I wrote following code to see how to use texture memory for 1D array.but tex1D function is not fetching the value from array for corresponding thread id.Please correct this code and tell me how to use texture memory for 1D array efficiently and effectively.

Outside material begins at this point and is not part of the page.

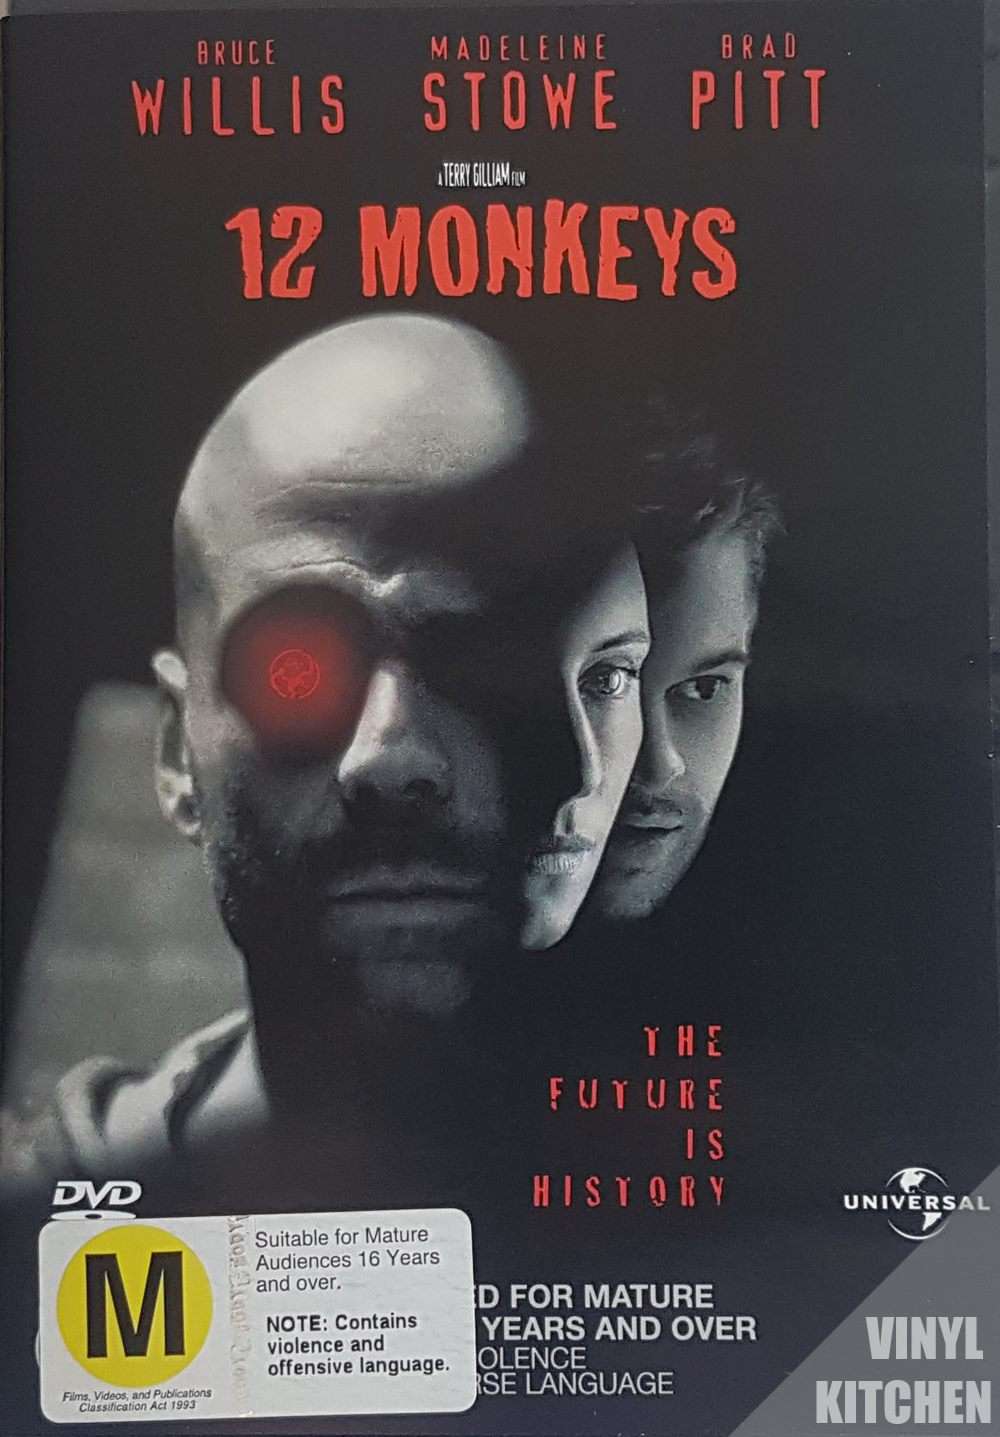 12 Monkeys - Vinyl Kitchen

__global__ void sum(float *b,cudaTextureObject_t texObj)
{
b[threadIdx.x]=tex1D<float>(texObj,threadIdx.x);
//printf("\n%f\n",tex1Dfetch<float>(texObj,threadIdx.x));
}
int main()
{
float *a,*b;
float *d_a,*d_b;
int i;
a=(float*)malloc(sizeof(float)*5);
b=(float*)malloc(sizeof(float)*5);
for(i=0;i<5;i++)
a[i]=i;
cudaChannelFormatDesc channelDesc =cudaCreateChannelDesc(32, 0, 0, 0,cudaChannelFormatKindFloat);
cudaArray* cuArray;
cudaMallocArray(&cuArray, &channelDesc, 5, 0);
cudaMemcpyToArray(cuArray, 0, 0, a,sizeof(float)*5,cudaMemcpyHostToDevice);
struct cudaResourceDesc resDesc;
memset(&resDesc, 0, sizeof(resDesc));
resDesc.resType = cudaResourceTypeArray;
resDesc.res.array.array = cuArray;
struct cudaTextureDesc texDesc;
memset(&texDesc, 0, sizeof(texDesc));
texDesc.addressMode[0] = cudaAddressModeWrap;
texDesc.addressMode[1] = cudaAddressModeWrap;
texDesc.filterMode = cudaFilterModeLinear;
texDesc.readMode = cudaReadModeElementType;
texDesc.normalizedCoords = 1;
// Create texture object
cudaTextureObject_t texObj = 0;
cudaCreateTextureObject(&texObj, &resDesc, &texDesc, NULL);
cudaMalloc(&d_b, 5* sizeof(float));
sum<<<1,5>>>(d_b,texObj);
// Free device memory
cudaMemcpy(b,d_b,sizeof(float),cudaMemcpyDeviceToHost);
for(i=0;i<5;i++)
printf("%f\t",b[i]);
cudaDestroyTextureObject(texObj);
cudaFreeArray(cuArray);
cudaFree(d_b);
return 0;
}